While most water sources in India are unsafe water for human use, recent statistics reveal that the 98 percent of the water in Germany is clean for bathing and complies with the requirements of Bathing Water Directive of EU. Water pollution in Germany, however, is still an environmental issue as the water in the flowing water sources endangers its habitats. The water is safe virtually everywhere around Germany (The Local, 2018). Water pollution in India is a major environmental concern as most lakes, rivers, and surfaces are polluted. Approximately 80 percent of the water bodies in the developing nation is contaminated (Sujatha, 2019). The major cause of water pollution in India is untreated sewage. There are large amounts of sewage being released into the water and only a small portion is treated. The untreated results in contaminated water which is unsafe for bathing and consumption. In addition, Indians have turned rivers and other water sources as dump sites as litter their garbage along the water bodies contaminating the water (Sujatha, 2019).

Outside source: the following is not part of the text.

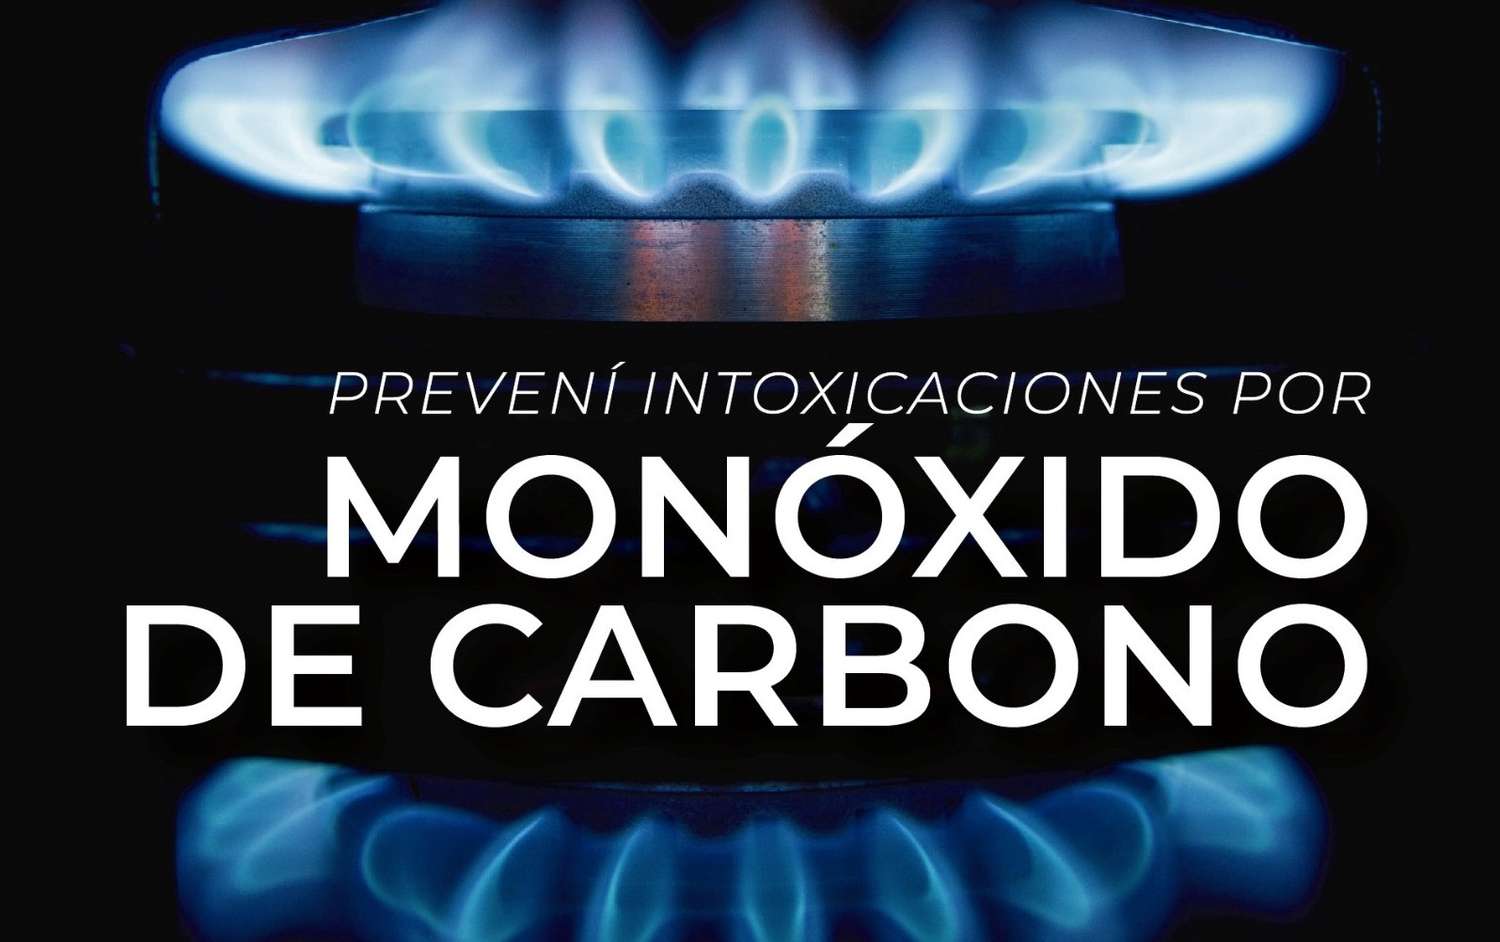 Balcarce: lanzan recomendaciones para evitar intoxicaciones por monóxido de carbono

Uncontrolled urbanization is also causing an increase in water pollution as industries and people release sewage into wells, ponds, lakes, rivers, and streams. Agricultural runoff leads to harmful organic farm products being released into the water bodies. Water sources in Germany are also polluted by the organic farm products, but the water is treated before human consumption

Conclusively, the environmental condition of Germany is way much better than India. Air pollution, water pollution, and noise pollution have all been curbed and the situation continues to improve as the government comes up with policies to help boost its state. India is facing a major environmental crisis with noise, water and air pollution on the rise.